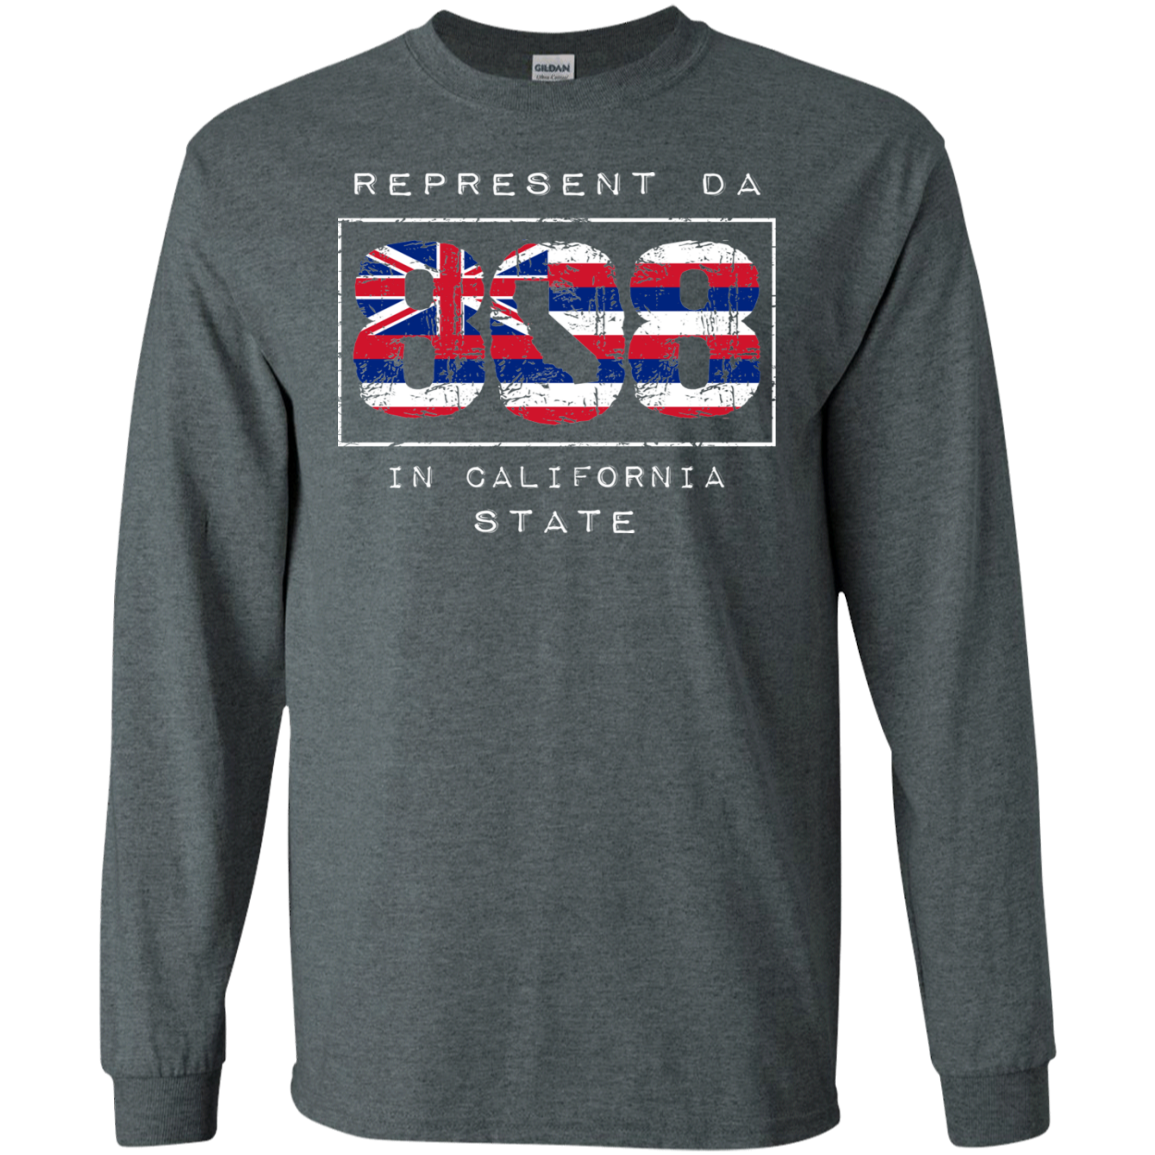 Rep Da 808 In California State LS Ultra Cotton T-Shirt, T-Shirts, Hawaii Nei All Day
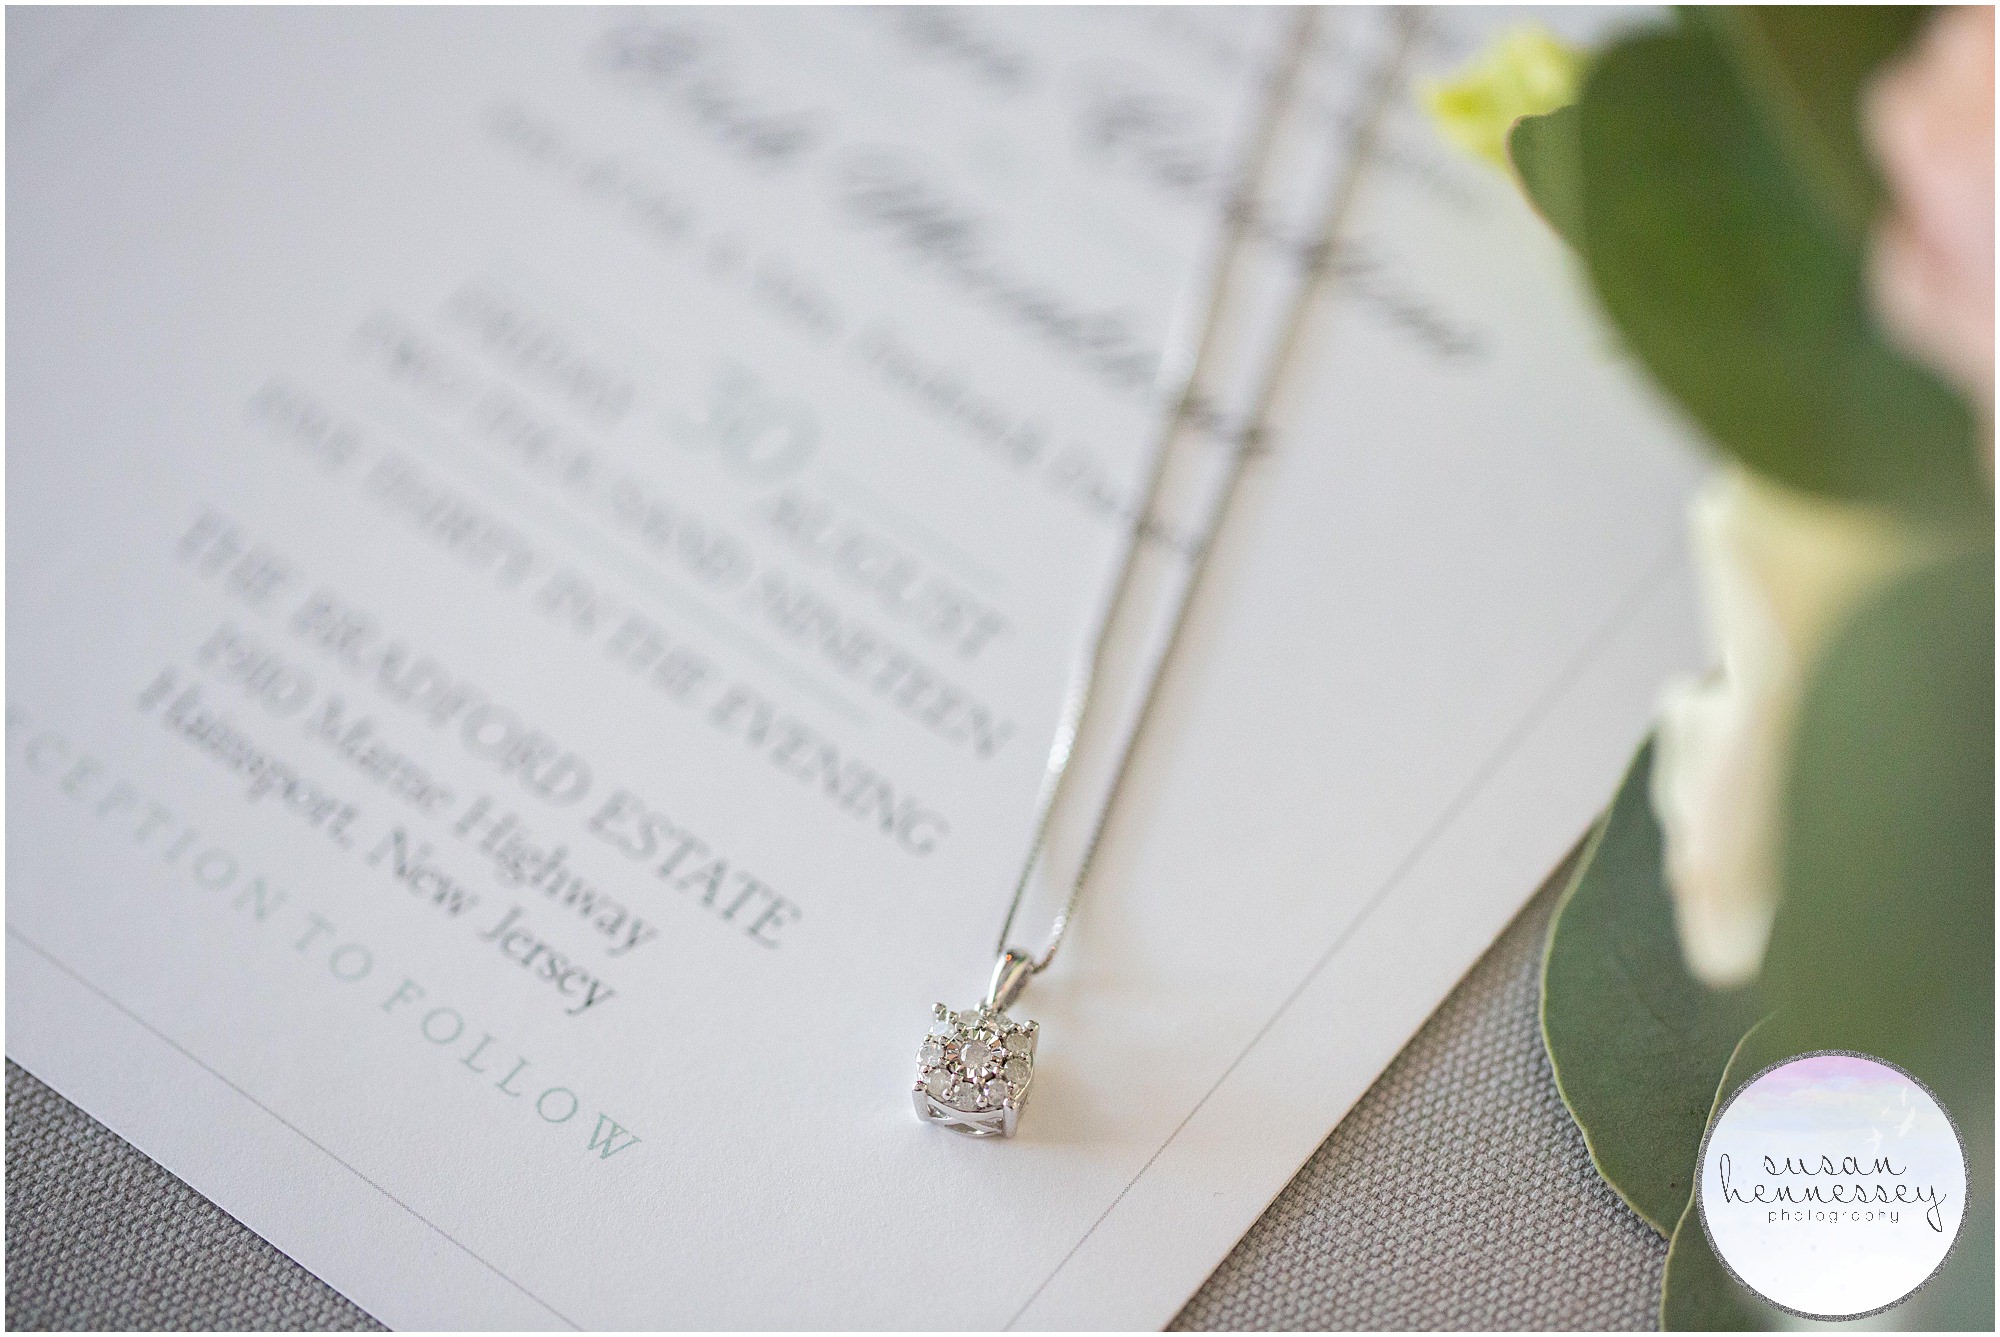 Bride's diamond necklace laying on invitation
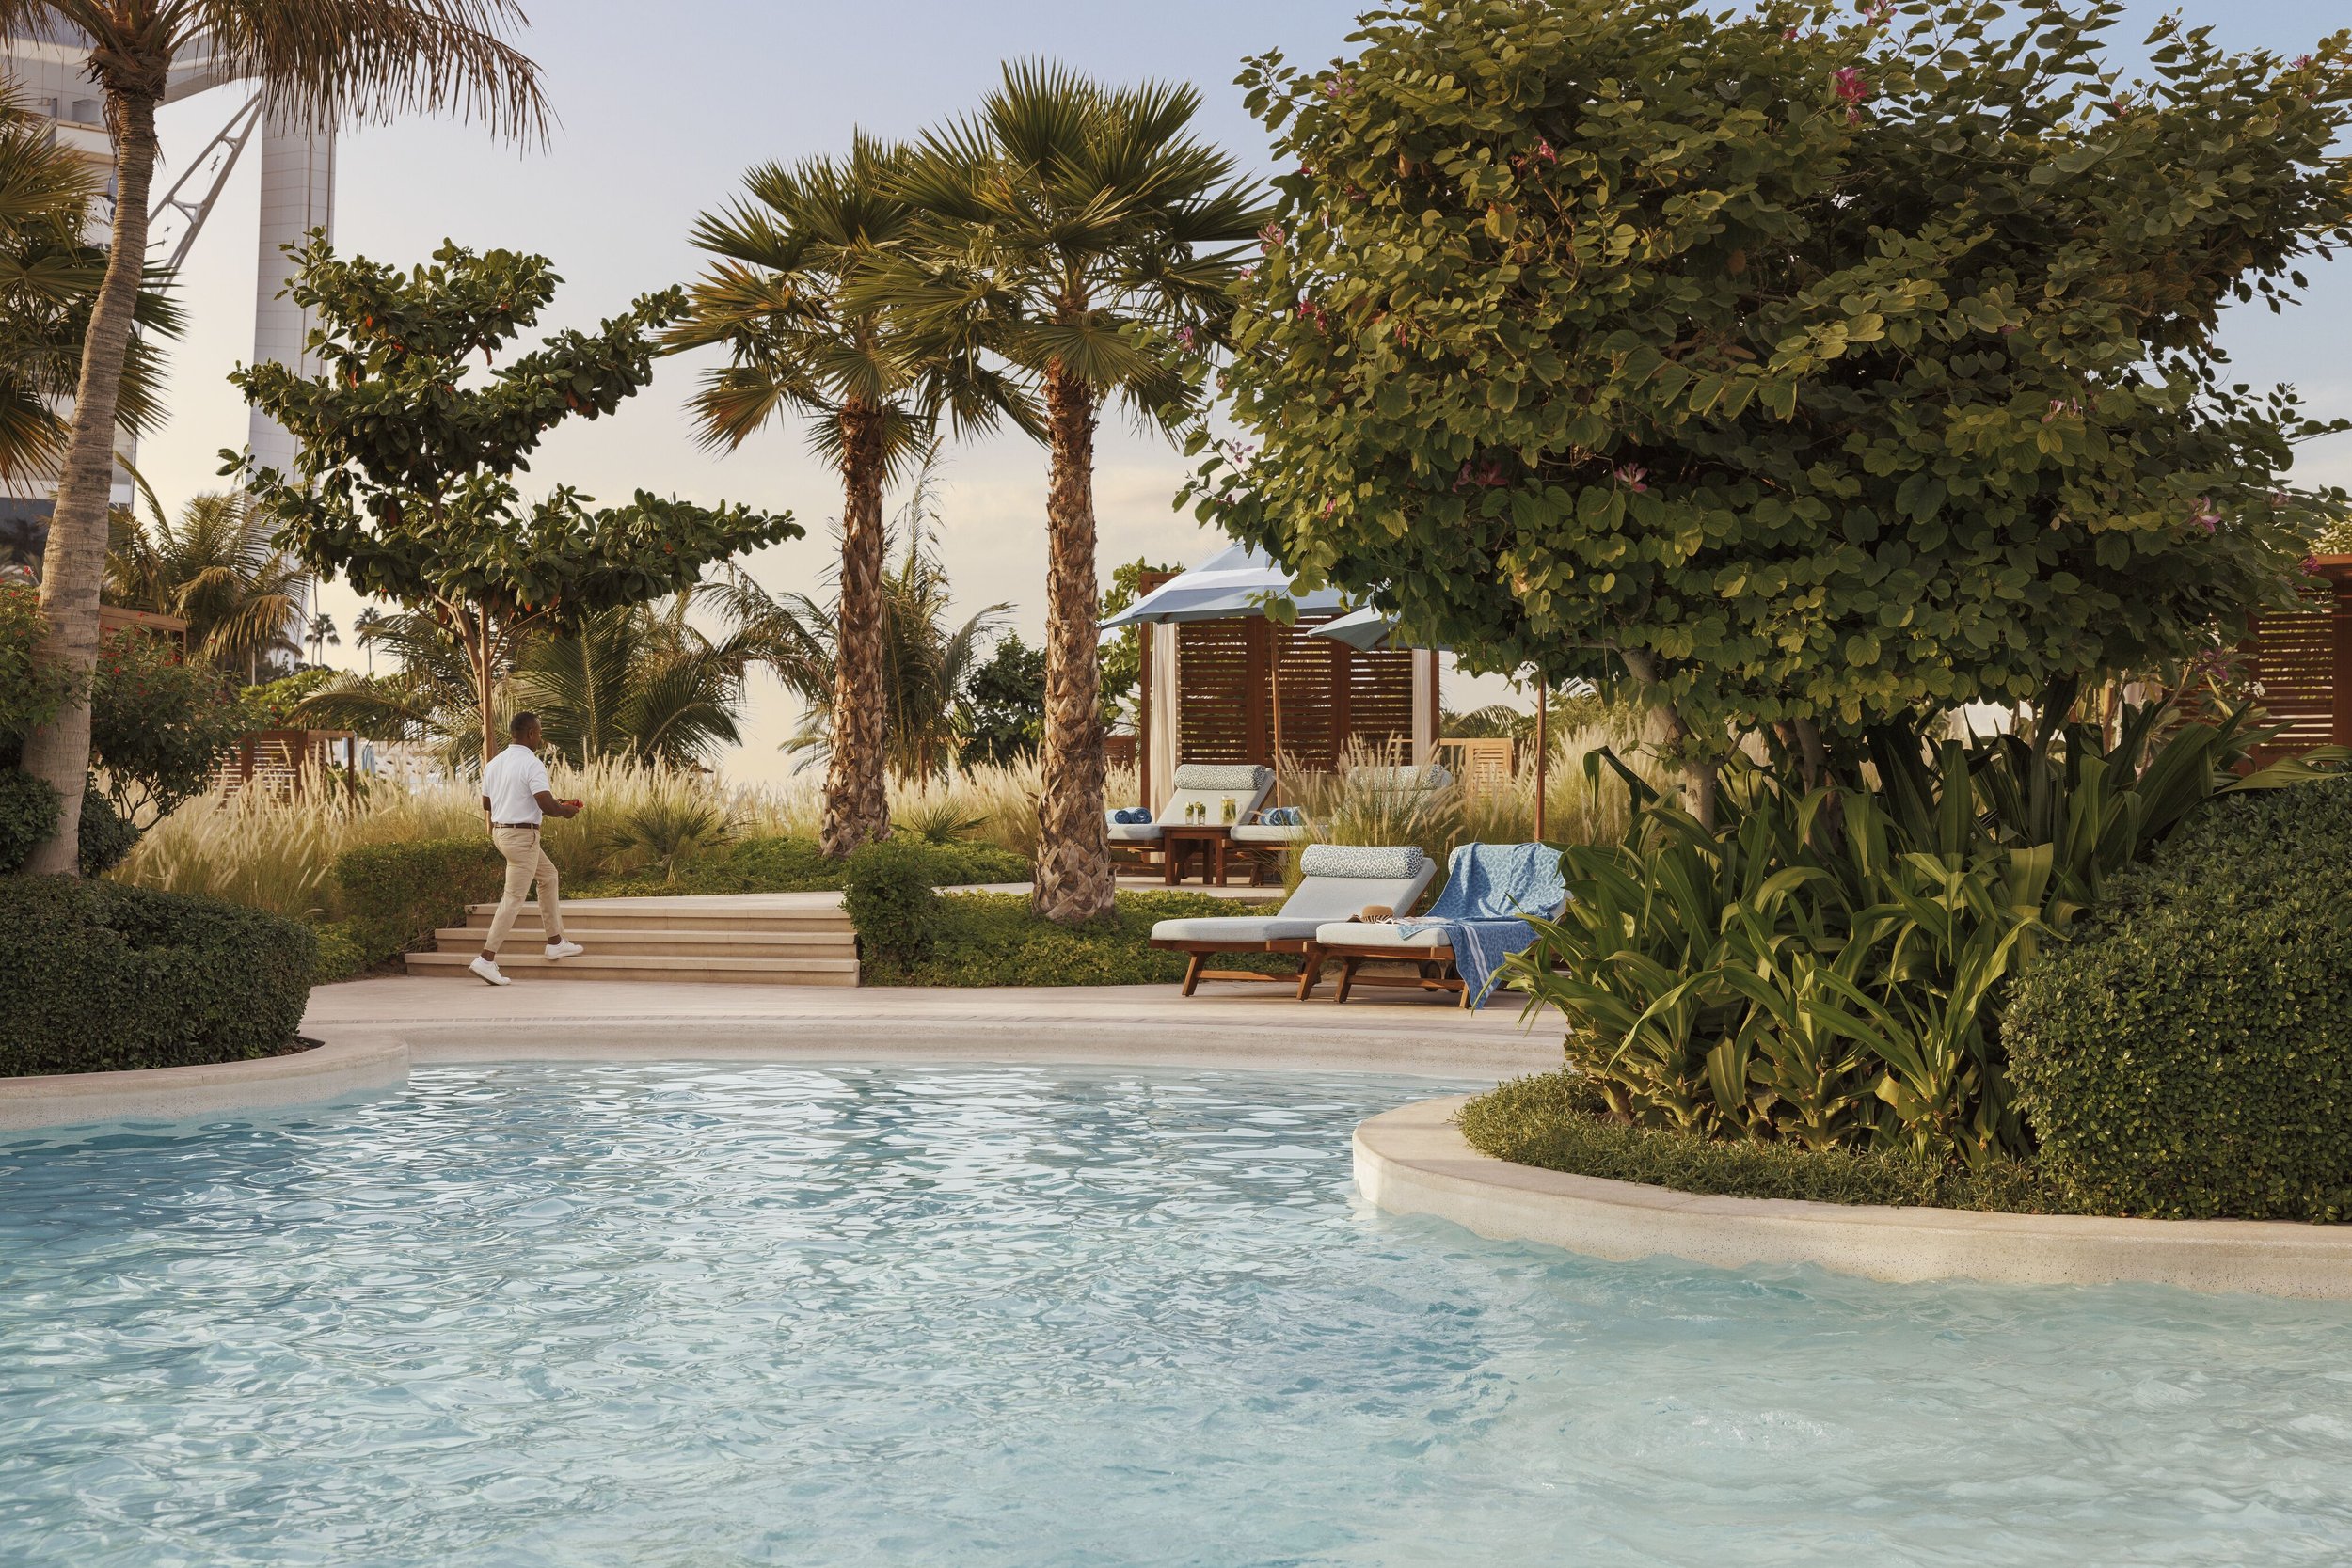 Medium_resolution_150dpi-Jumeirah Beach Hotel - Facilities - Executive Pool - Service 001.jpg

____________

[EXERCISE] Omit pictures and output the listing exactly.

[ANSWER BOX]
 Rep Da 808 In California State LS Ultra Cotton T-Shirt, T-Shirts, Hawaii Nei All Day
 Bride's diamond necklace laying on invitation
 Medium_resolution_150dpi-Jumeirah Beach Hotel - Facilities - Executive Pool - Service 001.jpg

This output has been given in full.